** Opening PROVIDED DATA block **

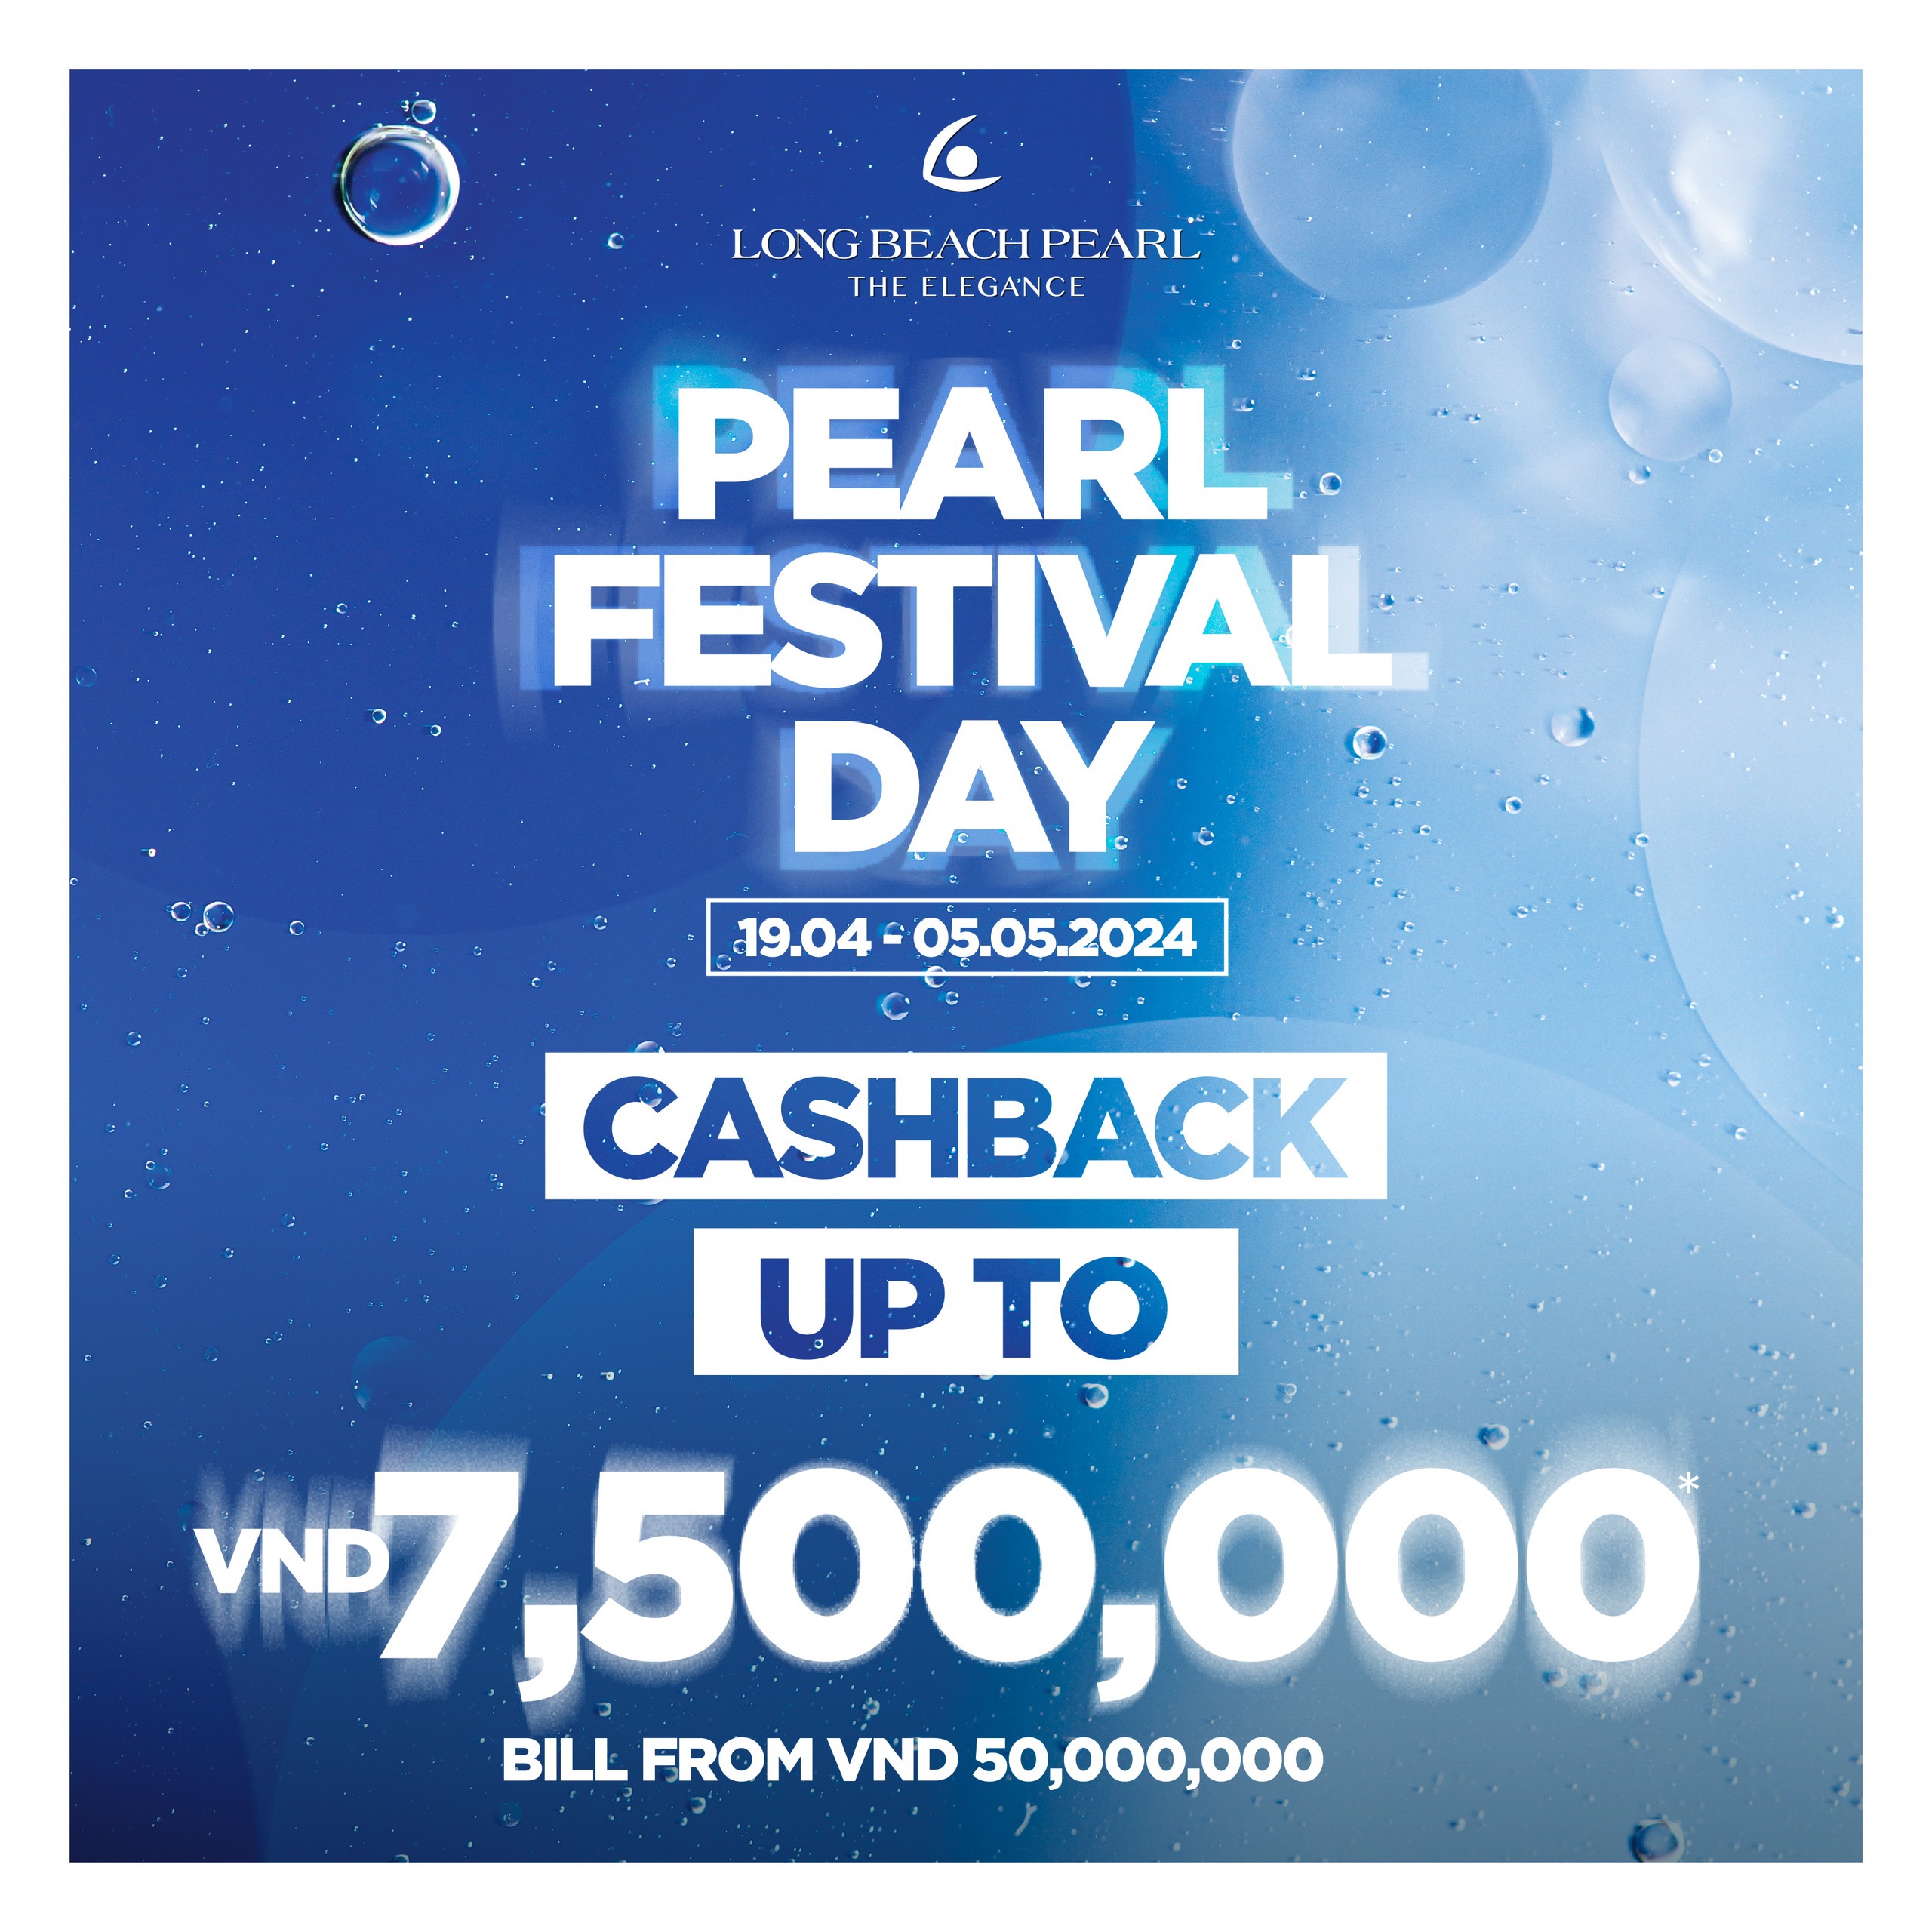 LONG BEACH PEARL - CASHBACK UP TO VND 7,500,000
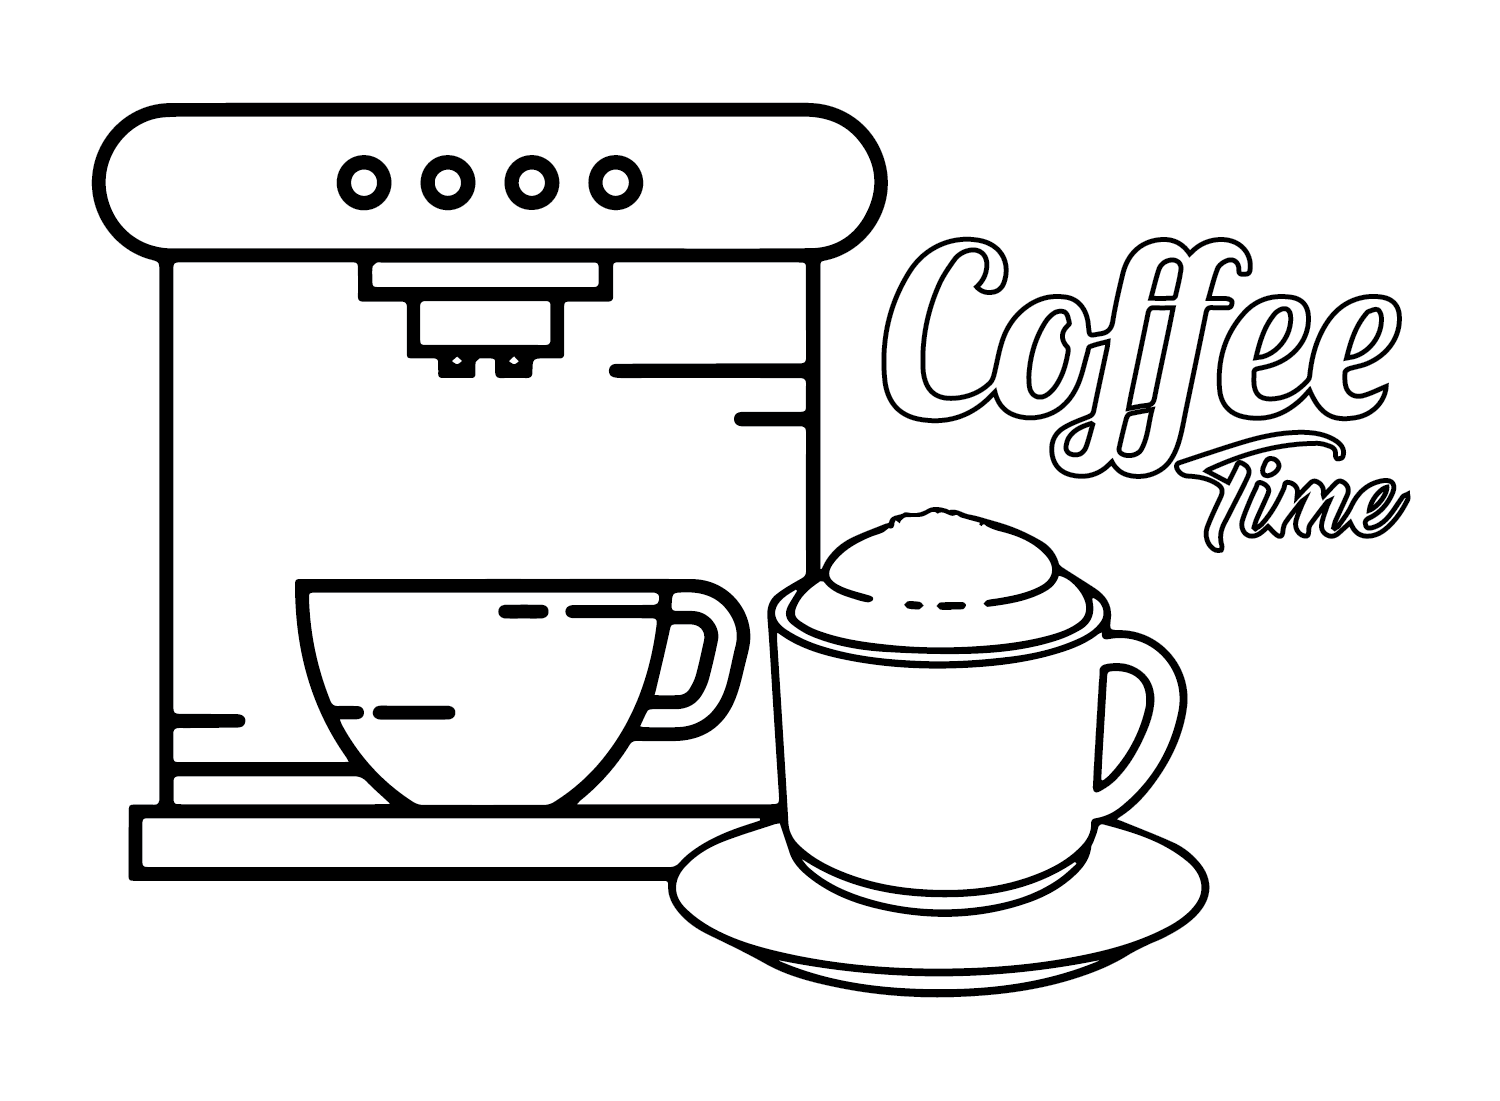 Coffee Maker from Coffee
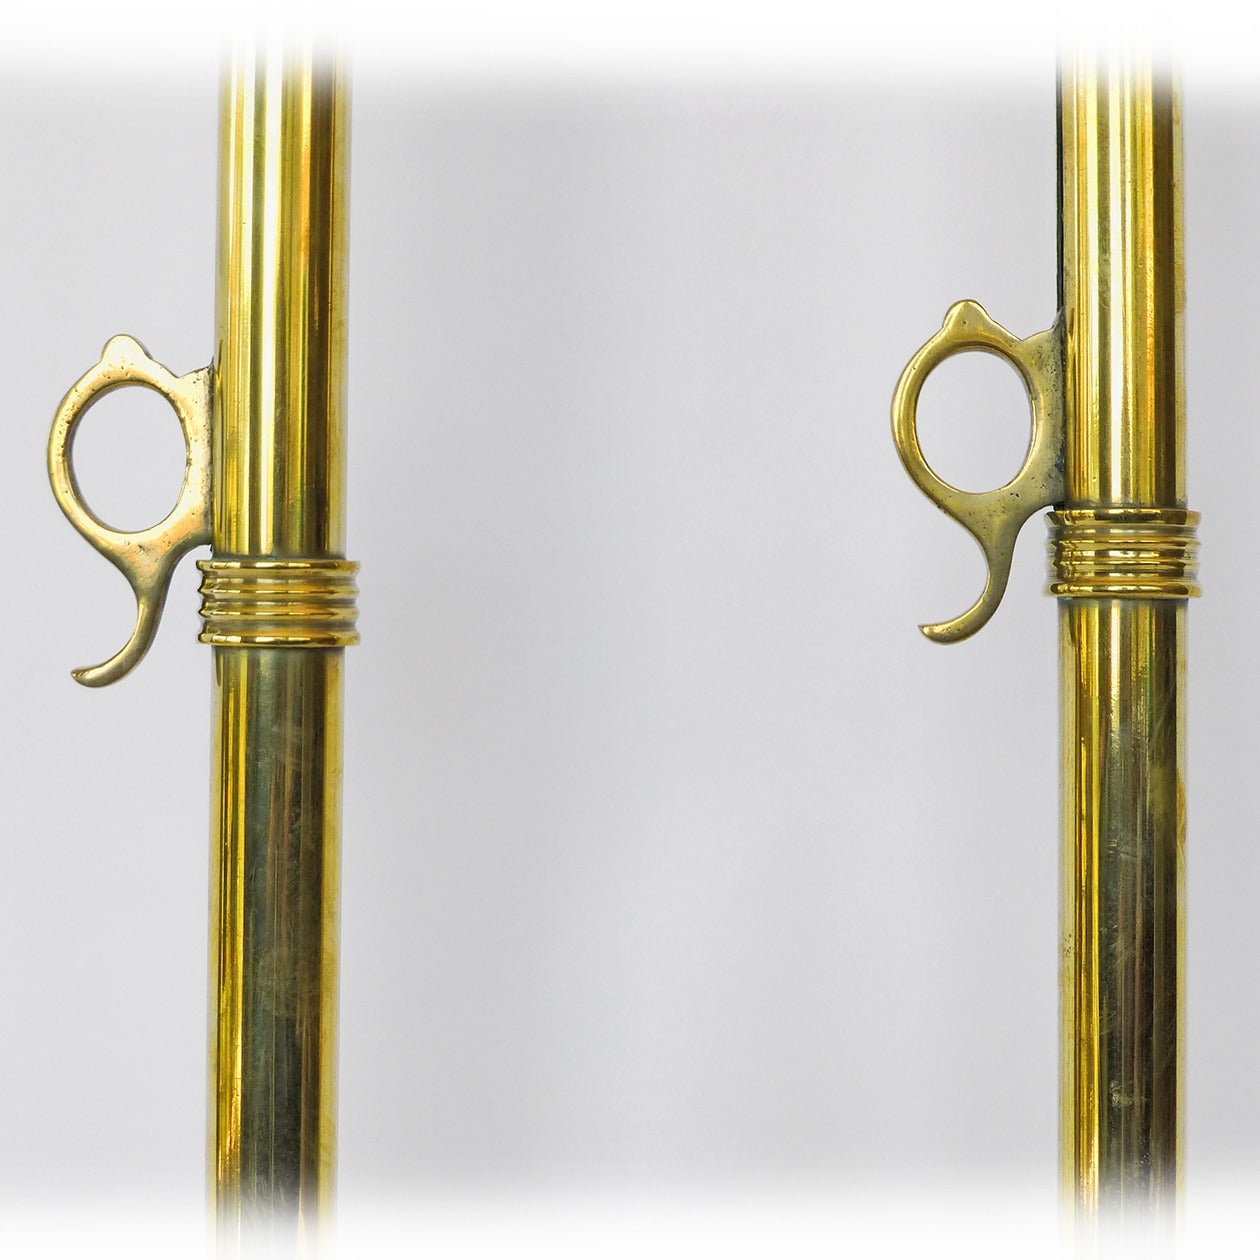 English brass pulpit sticks with side ejectors

circa 1875 

Measure: 20 3/4? height.

** Closing PROVIDED DATA block **

# WHAT THE TASK REQUIRES
Skip every picture, and give the rest of the material above again exactly.

# ANSWER TO THE EXERCISE
 LONG BEACH PEARL - CASHBACK UP TO VND 7,500,000
 Coffee Maker from Coffee
 English brass pulpit sticks with side ejectors

circa 1875 

Measure: 20 3/4? height.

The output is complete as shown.